I'm also using Airtel GPRS in FC4 via N70. It's great....


----------



## titun (Feb 16, 2007)

*Successfully connected Fedora Core 5+Nokia 6070+CA 42+AirTel GPRS*

I created this thread almost 4 months ago. Not being able to find the solution left the thread.

Today it is solved.
Let me repeat, I used Fedora Core 5 + Nokia 6070 + CA 42 Data Cable + AirTel GPRS.

What I did :

Fresh installed FC5 again last night.
su : 
password : 
[ Checked my mobile phone's Vendor ID & Product ID earlier in the other OS   ]
 : /sbin/modprobe usbserial vendor=0x0409 product=0x04B0

then

 : wvdialconf create  [ This command did not show me any result ]
Manually typed following things in /etc/wvdial.conf

[Dialer Defaults]
Modem = /dev/ttyUSB0
Baud = 230400
Init1 = ATZ
Init2 = ATQ0 V1 E1 S0=0 &C1 &D2 +FCLASS=0
ISDN = 0
Modem Type = Analog Modem
Phone = *99#
Username = A
Password = B
Stupid Mode = 1

in another console, 

 : su - 
 : password :

 : service named start

and it it displayed named service started.
Then 
 : wvdial  
The O/P came as follows
_________________________________
--> WvDial: Internet dialer version 1.54.0
--> Cannot get information for serial port.
--> Initializing modem.
--> Sending: ATZ
ATZ
OK
--> Sending: ATQ0 V1 E1 S0=0 &C1 &D2 +FCLASS=0
ATQ0 V1 E1 S0=0 &C1 &D2 +FCLASS=0
OK
--> Modem initialized.
--> Sending: ATDT*99#
--> Waiting for carrier.
ATDT*99#
CONNECT
~[7f]}#@!}!} } }2}#}$@#}!}$}%\}"}&} }*} } g}%~
--> Carrier detected.  Starting PPP immediately.
--> Starting pppd at Fri Feb 16 09:51:27 2007
--> pid of pppd: 3495
--> Using interface ppp0
--> pppd: alog Modem
--> pppd: alog Modem
--> pppd: alog Modem
--> local  IP address 172.28.41.189
--> pppd: alog Modem
--> remote IP address 10.6.6.6
--> pppd: alog Modem
--> primary   DNS address 202.56.230.6
--> pppd: alog Modem
--> secondary DNS address 202.56.230.5
--> pppd: alog Modem
___________________________________
It means net is now connected.
I was able to open google.com . But it took a longer time than normal, so closed connection.
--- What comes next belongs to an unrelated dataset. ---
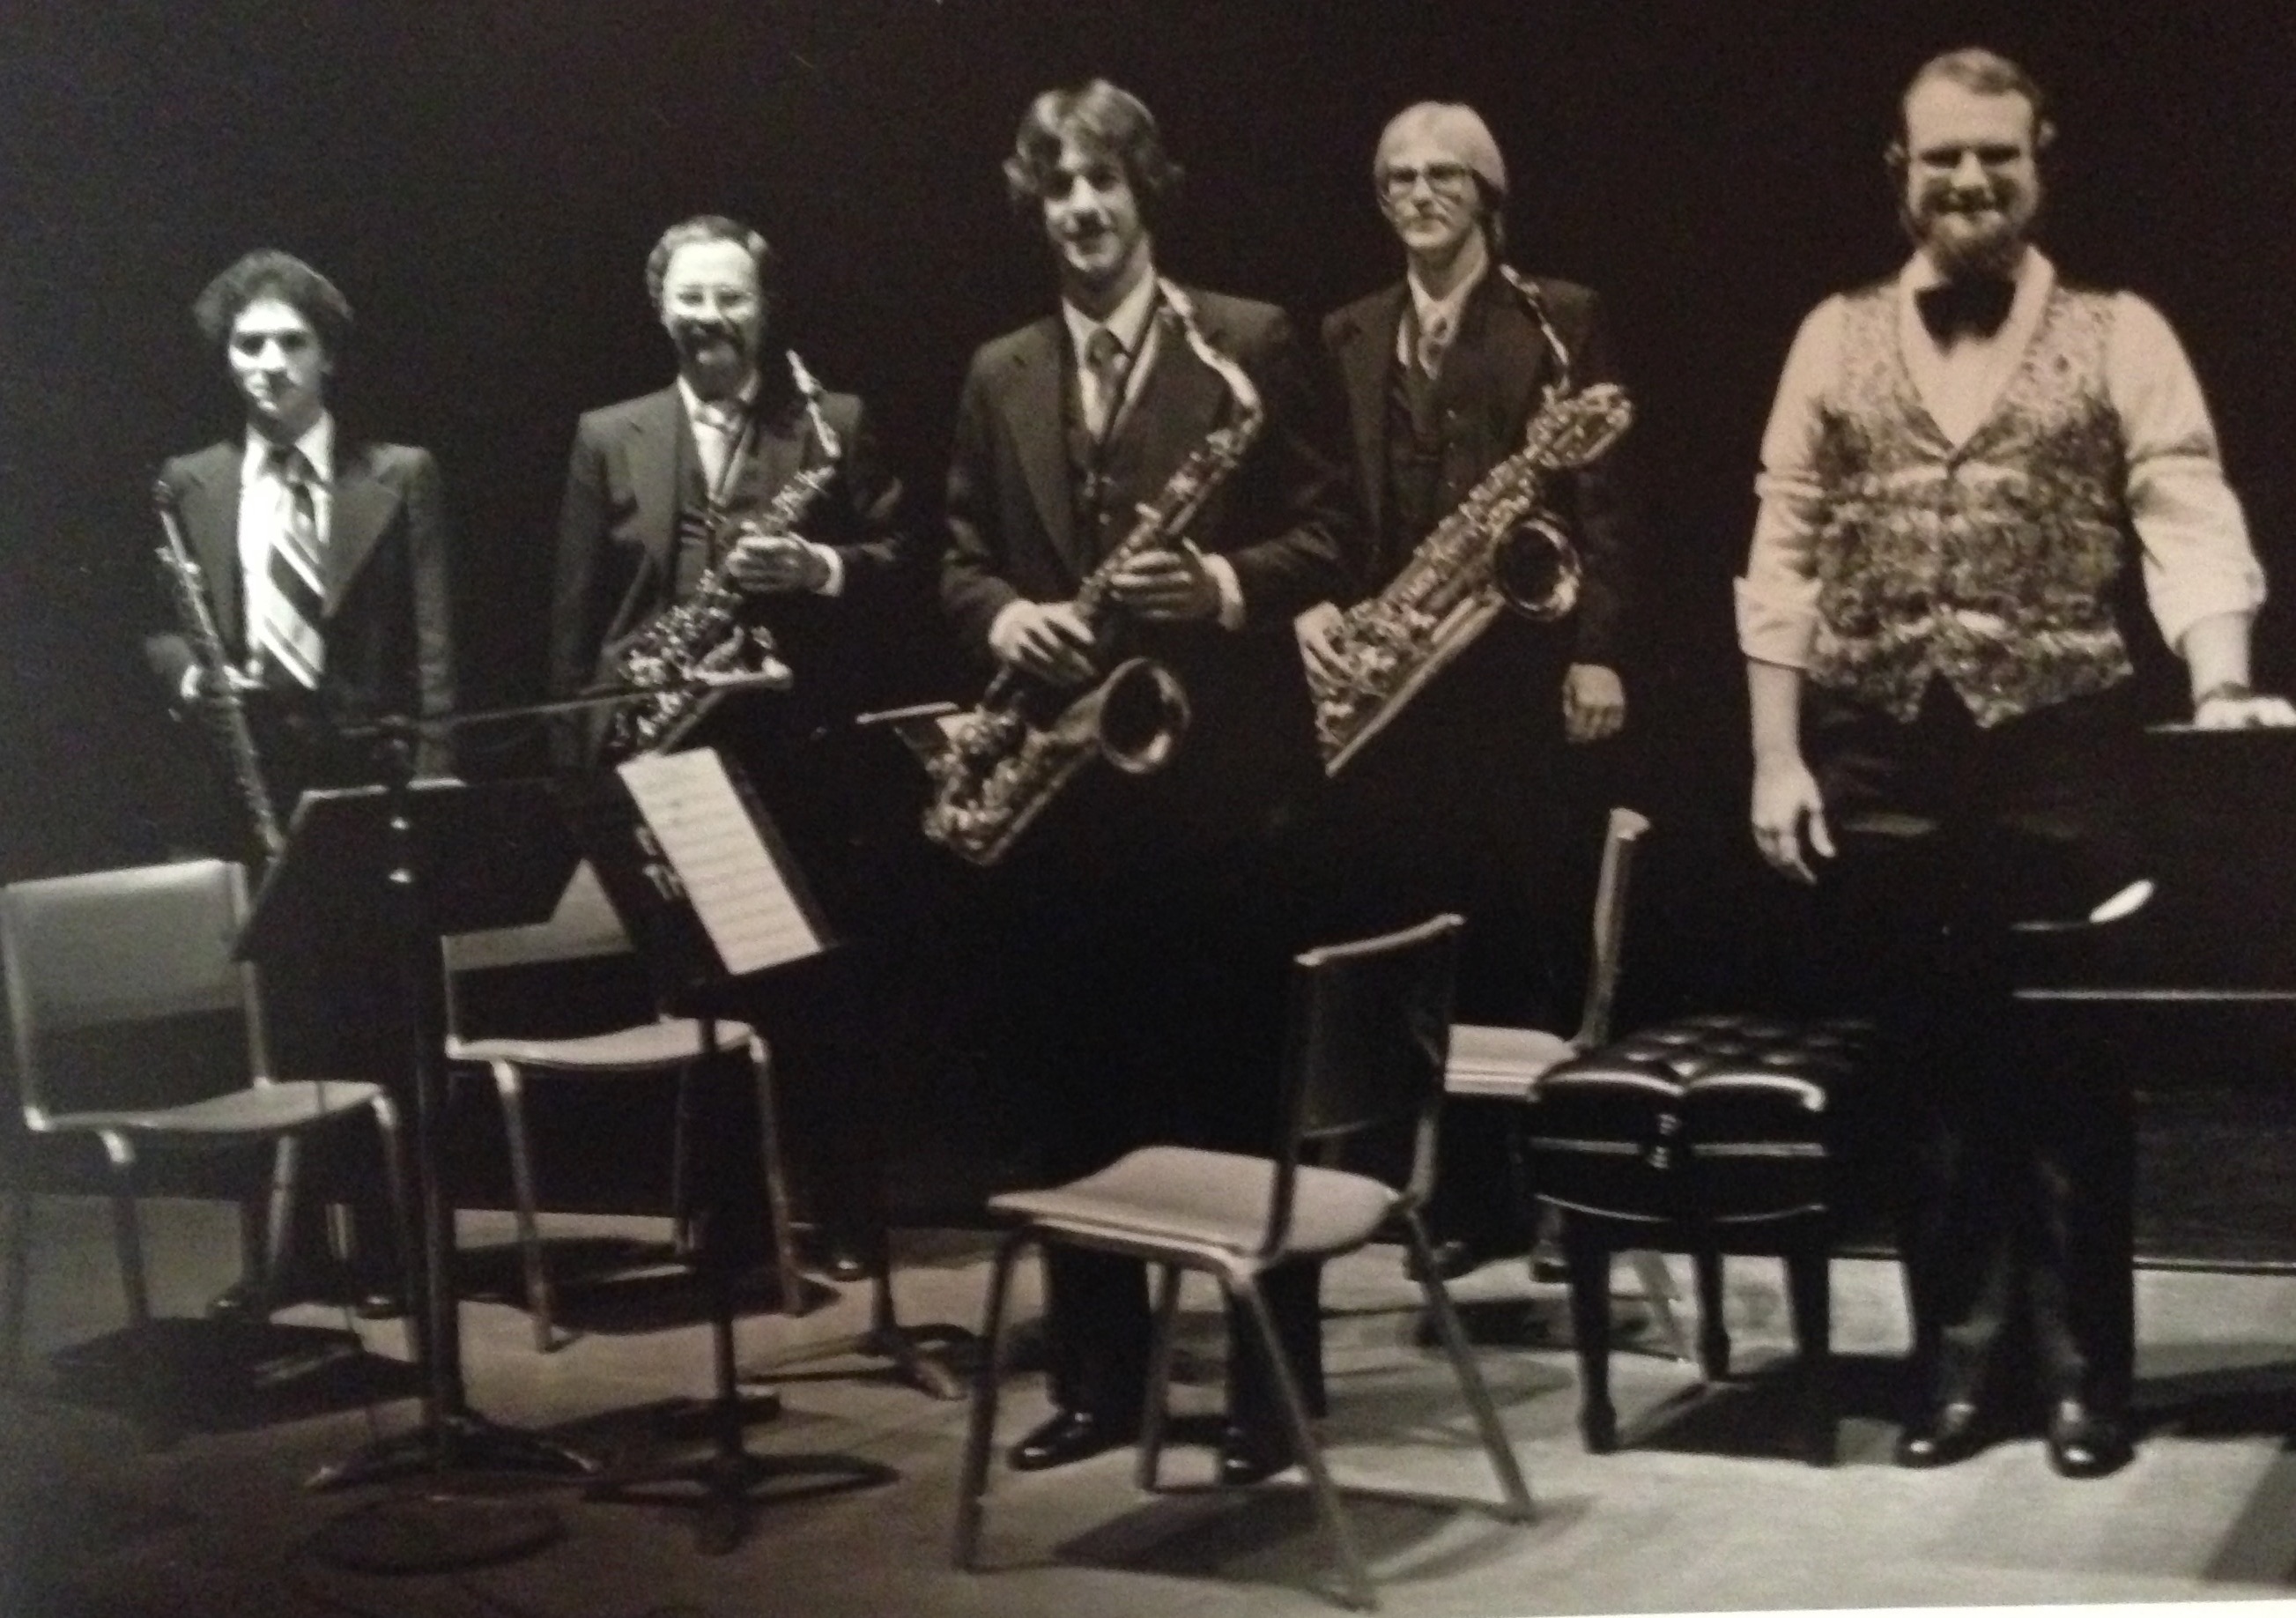 Radeck and the
Amherst Saxophone Quartet

Opened /etc/resolv.conf and entered the following : 

service named start
nameserver 202.56.250.5
nameserver 202.56.250.6

Now I just do this 
 : su
 : password
 : wvdial

3 simple steps to enjoy AirTel GPRS in Linux. Will soon upgrade to latest versions of Tux.
Heartly thanks and reputation points to everyone who replied in this thread.
I used the follwing links as my reference along with the help of you guys.
1] Using a GSM Cellphone as a GPRS Modem - Ubuntu Forums 

2] Connecting Fedora Core to Airtel GPRS using Nokia 6020 and CA-42 cable


----------